◆ **Work request**:
Only the lines from the line containing "G Skill Trident" to the end of the material belong in the copy; set them down exactly, without pictures.

◆ **Given data**:

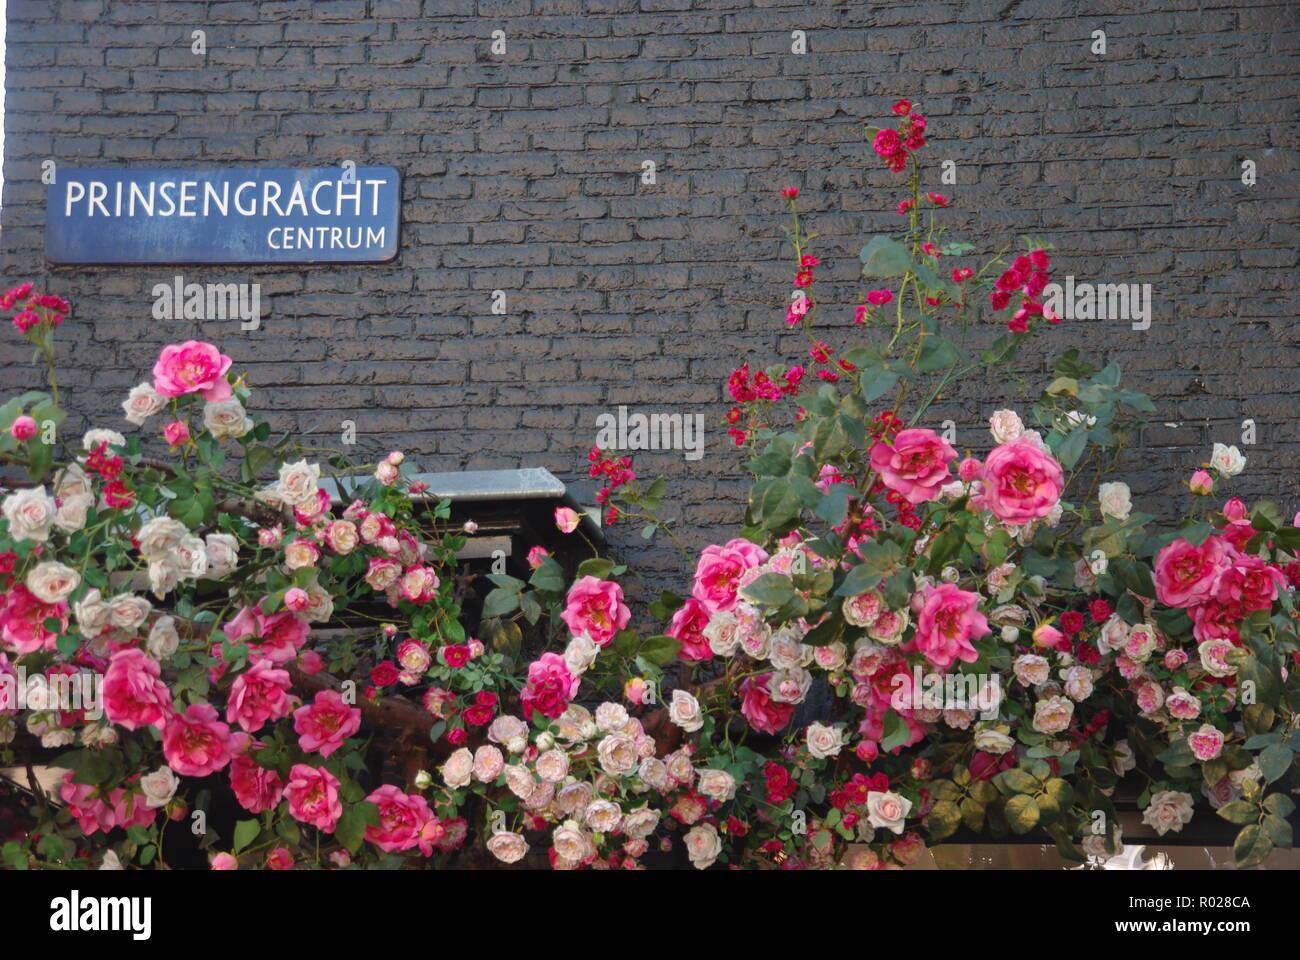 Roses on Prinsengracht Centrum, Amsterdam - Stock Image
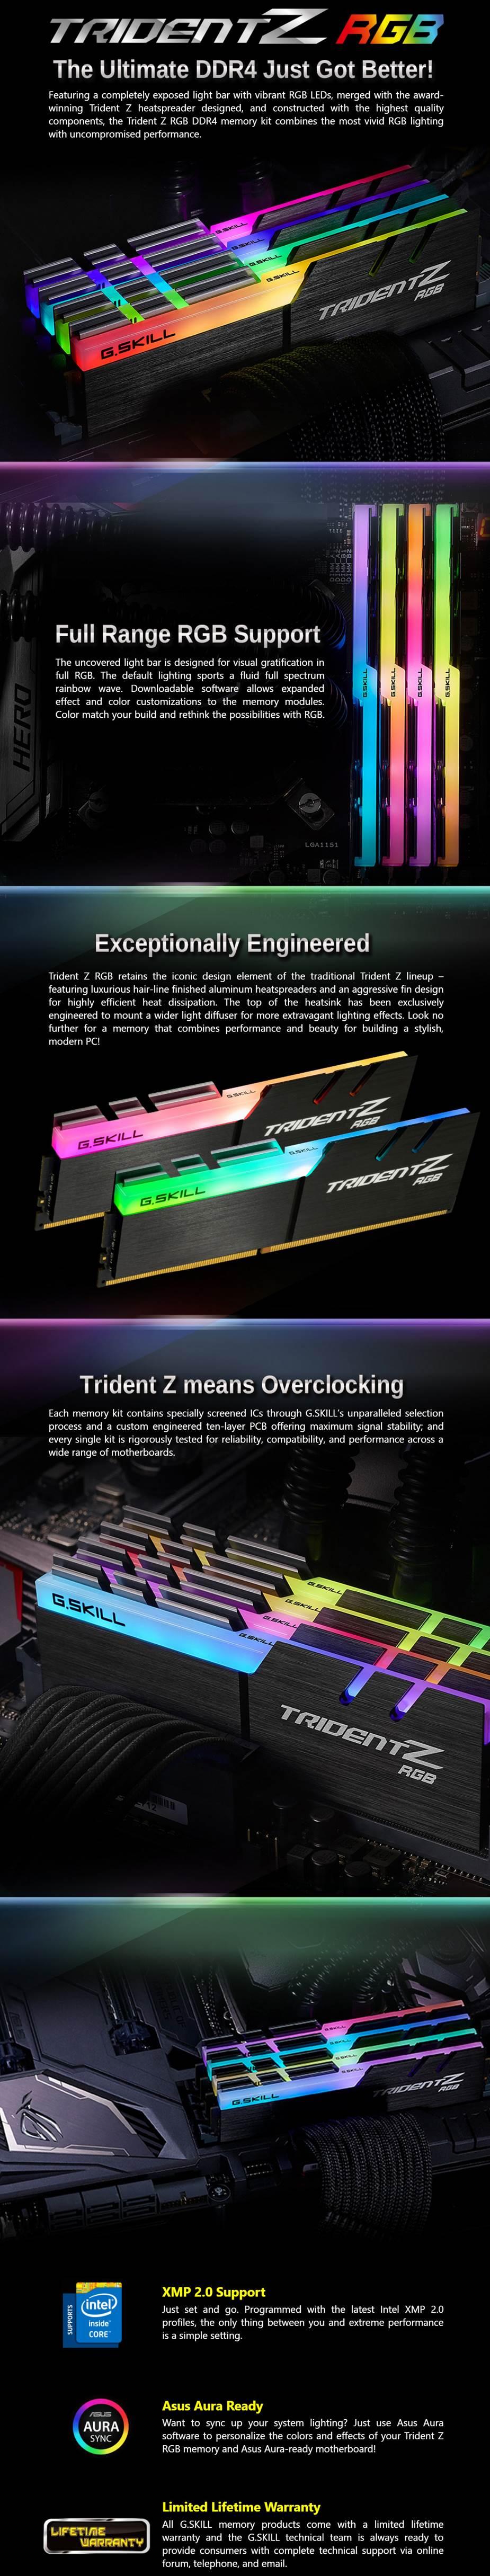 G Skill Trident Z RGB 32GB (2x 16GB) DDR4 3600Mhz Memory
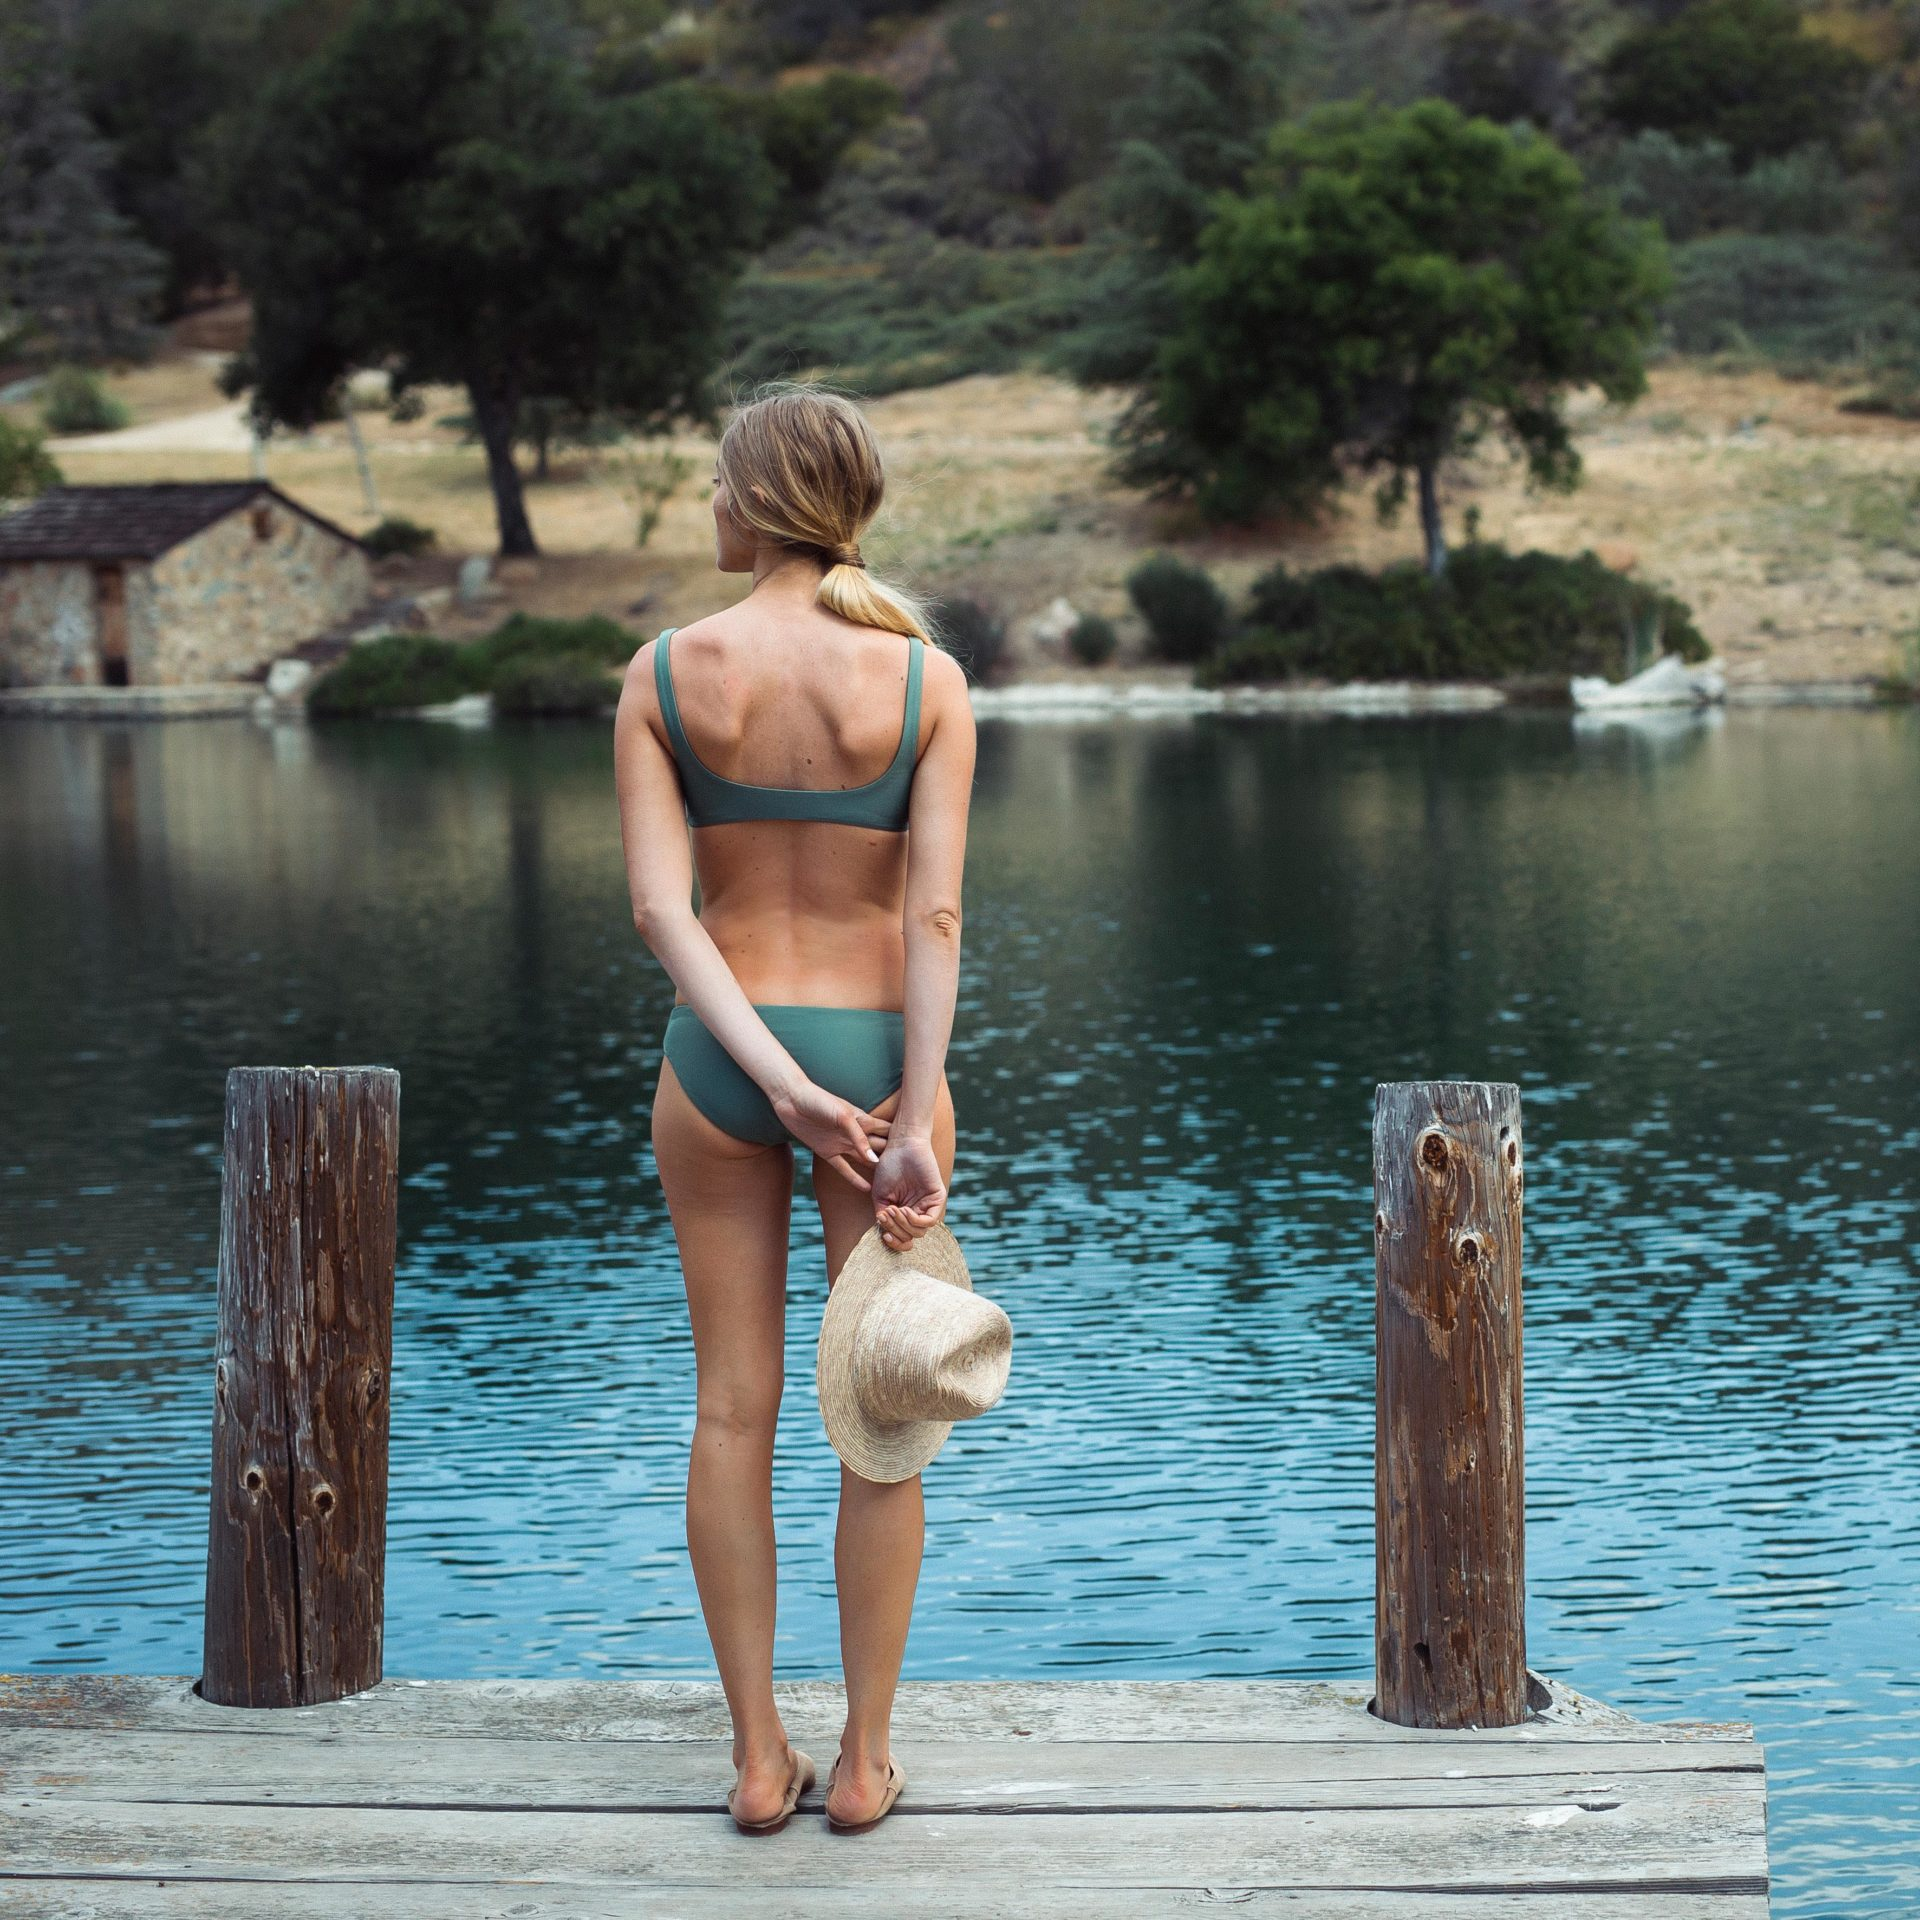 Girl near lake in bikini

◆ **Exercise result**:
 G Skill Trident Z RGB 32GB (2x 16GB) DDR4 3600Mhz Memory
 Girl near lake in bikini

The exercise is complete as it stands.